ABOUT THIS TASK: In this exercise, print only the lines of the records below from the one with "CADIZ. PLAZA DE" through the one with "東京ボイトレ教室KISS", inclusive. Pictures are not part of the copy.

RAW DATA:
_ _ _ _ _

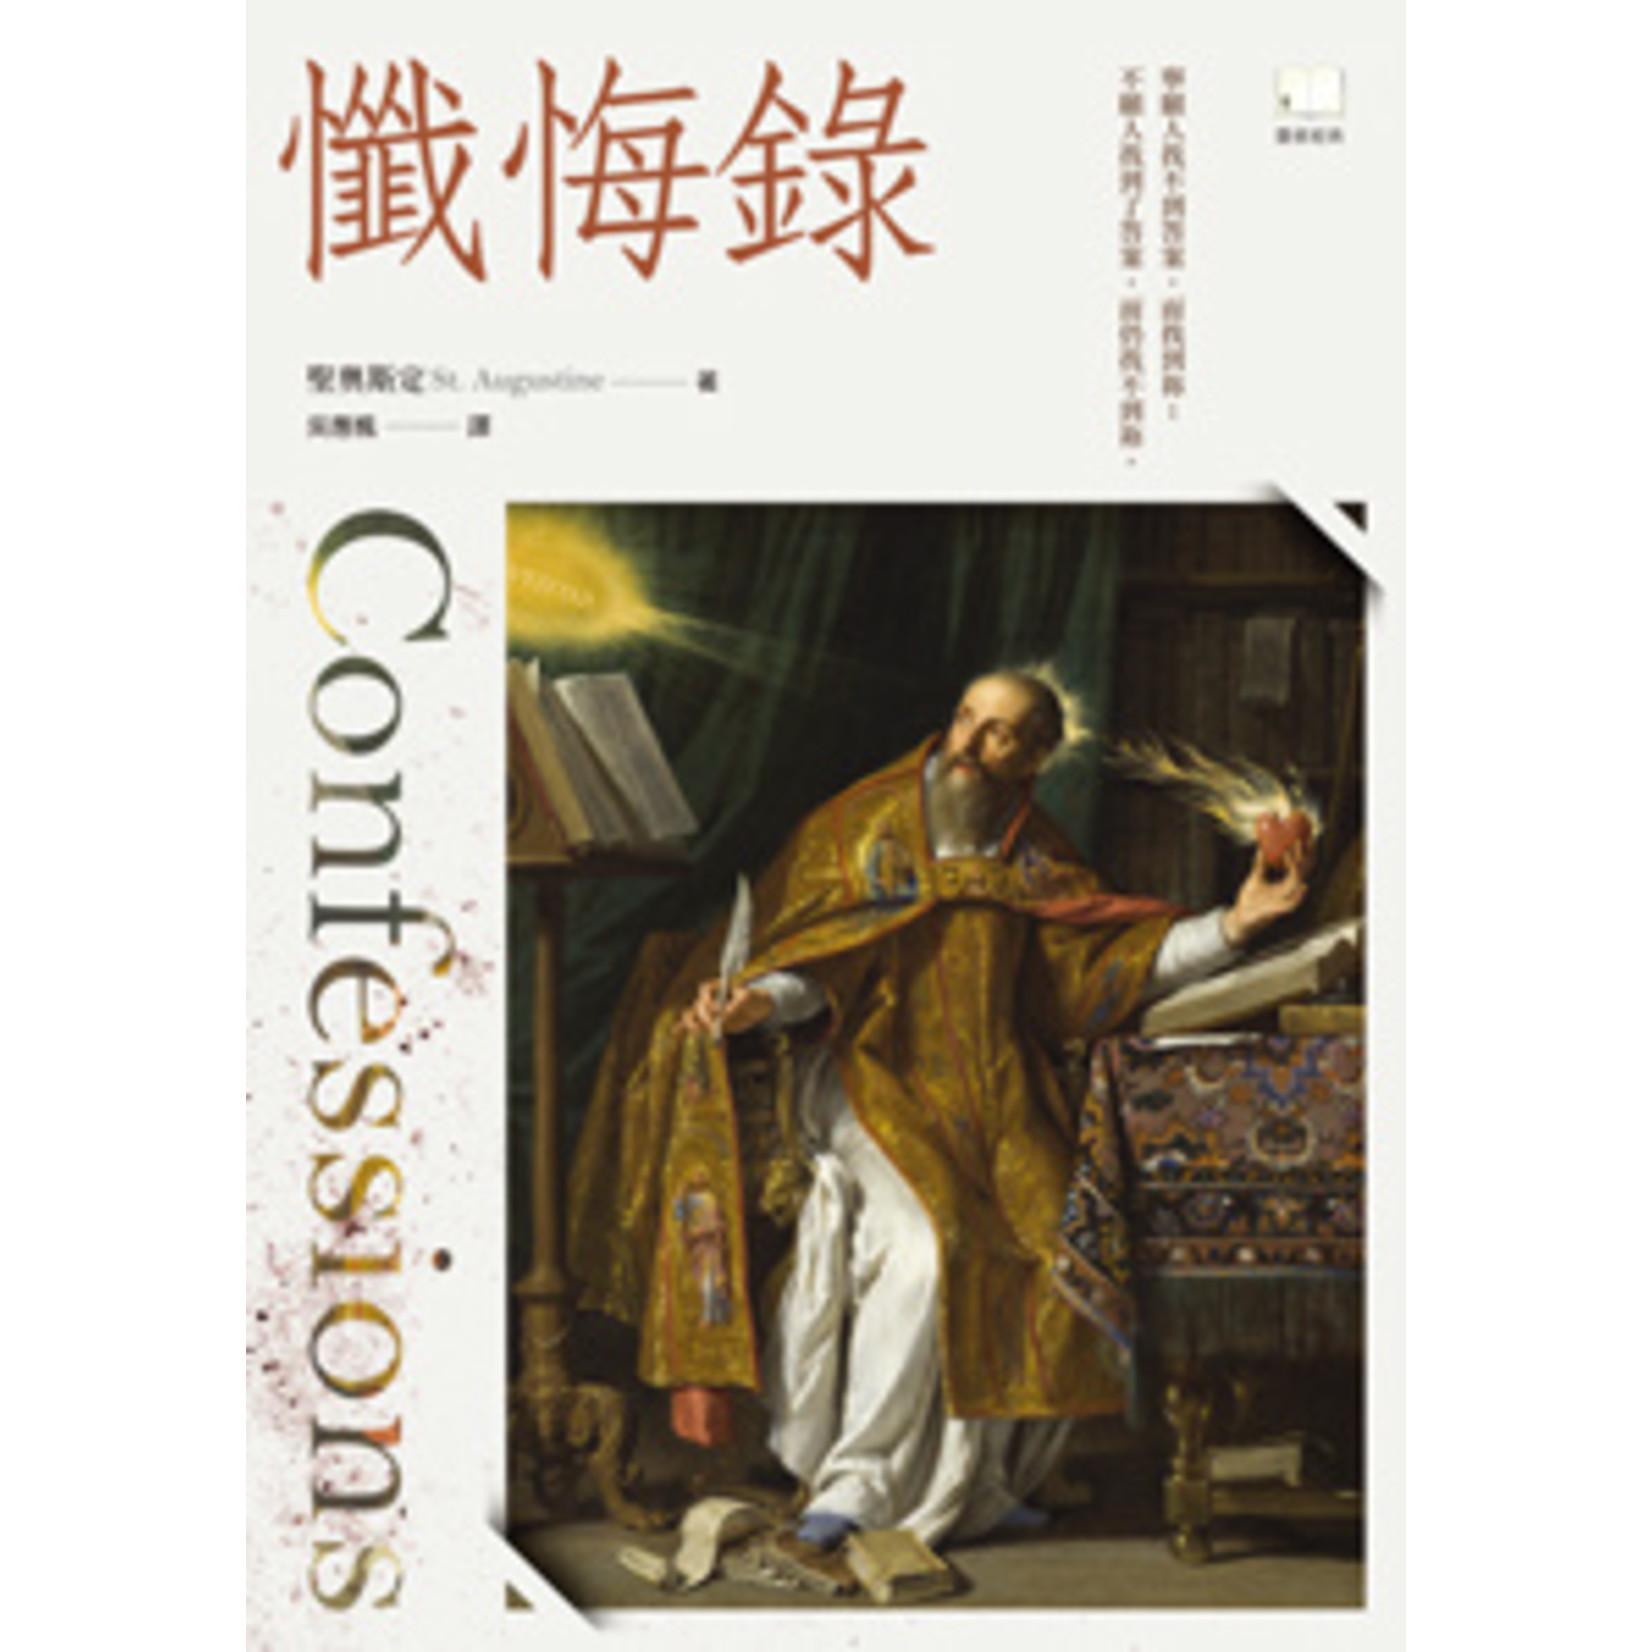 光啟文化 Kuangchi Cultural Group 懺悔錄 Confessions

_ _ _ _ _

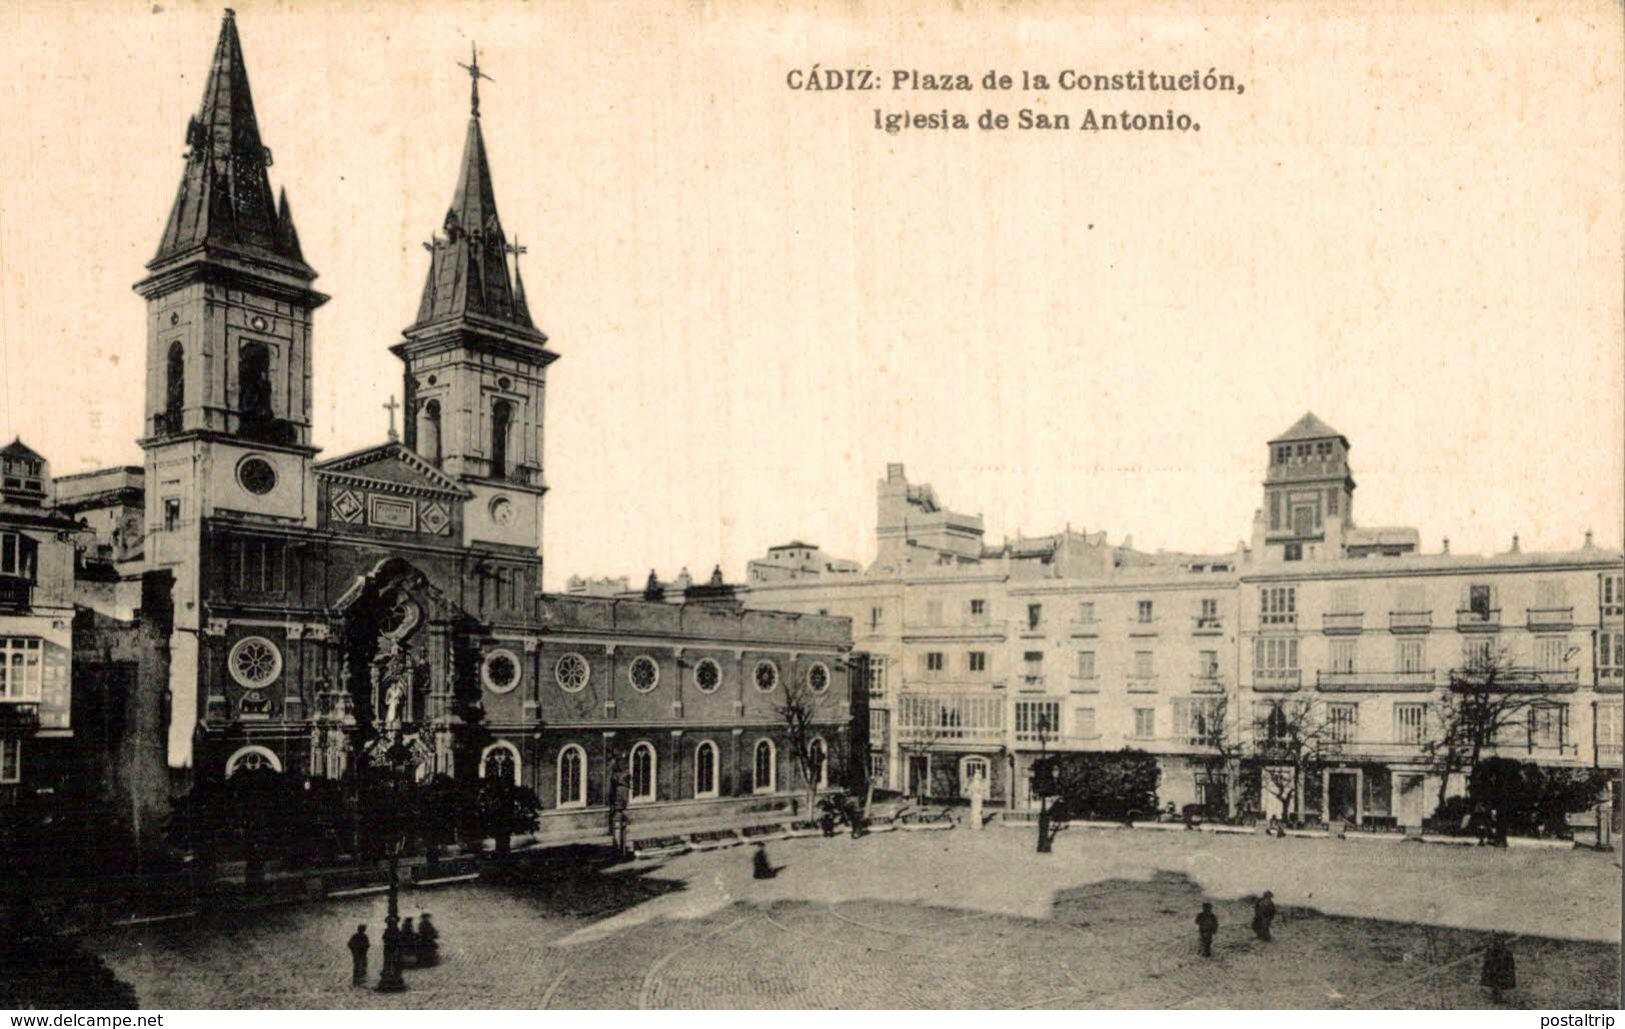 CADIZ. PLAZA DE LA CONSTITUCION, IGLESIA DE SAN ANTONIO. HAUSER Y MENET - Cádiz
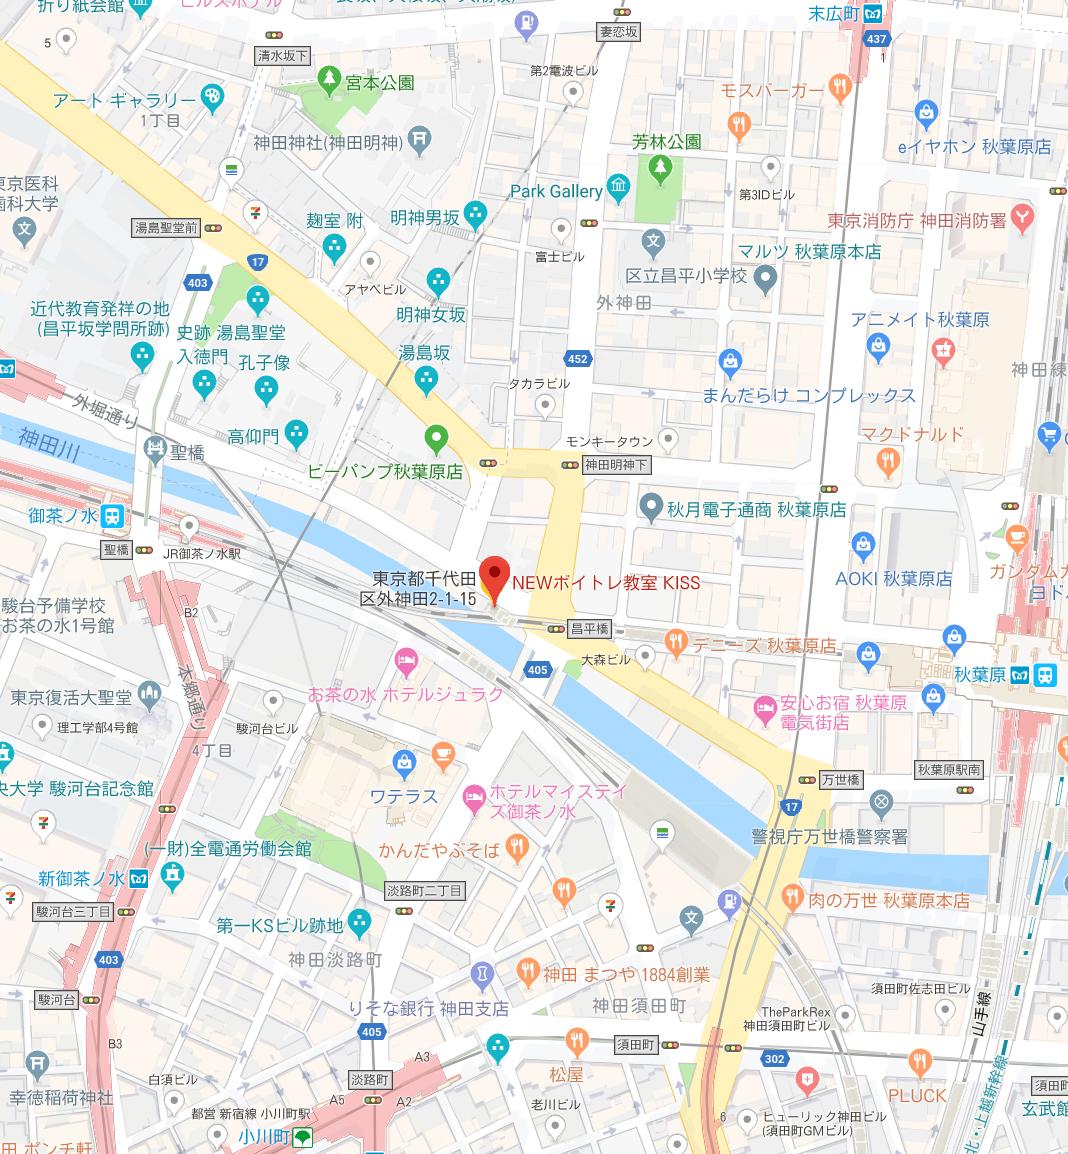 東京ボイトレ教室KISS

_ _ _ _ _

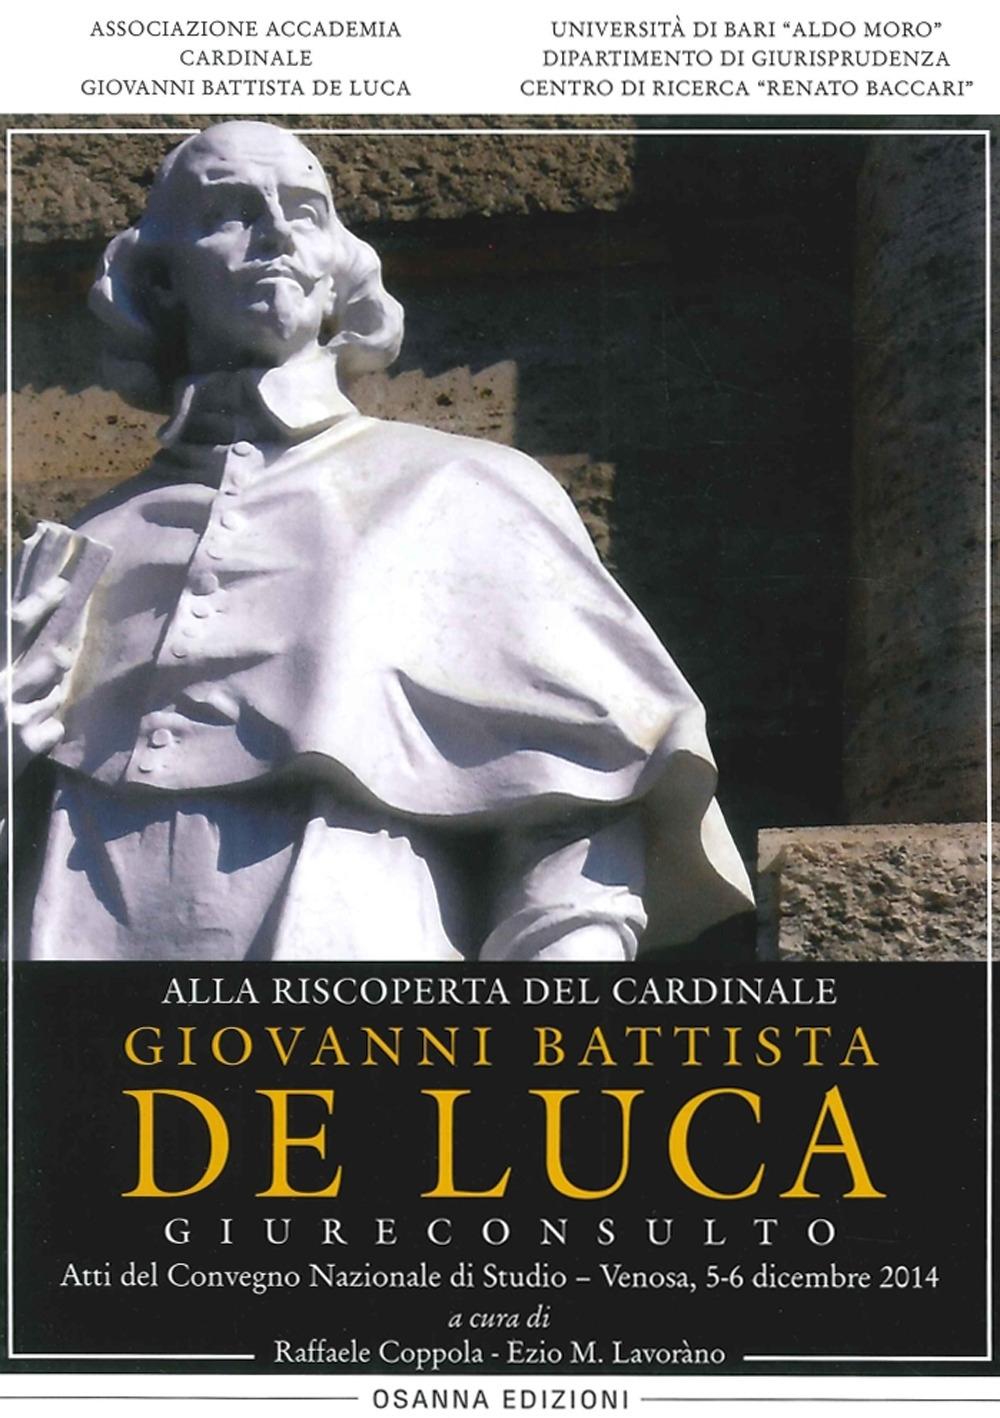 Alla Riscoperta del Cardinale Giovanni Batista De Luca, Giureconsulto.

_ _ _ _ _

SOLUTION TO THE PROBLEM:
 CADIZ. PLAZA DE LA CONSTITUCION, IGLESIA DE SAN ANTONIO. HAUSER Y MENET - Cádiz
 東京ボイトレ教室KISS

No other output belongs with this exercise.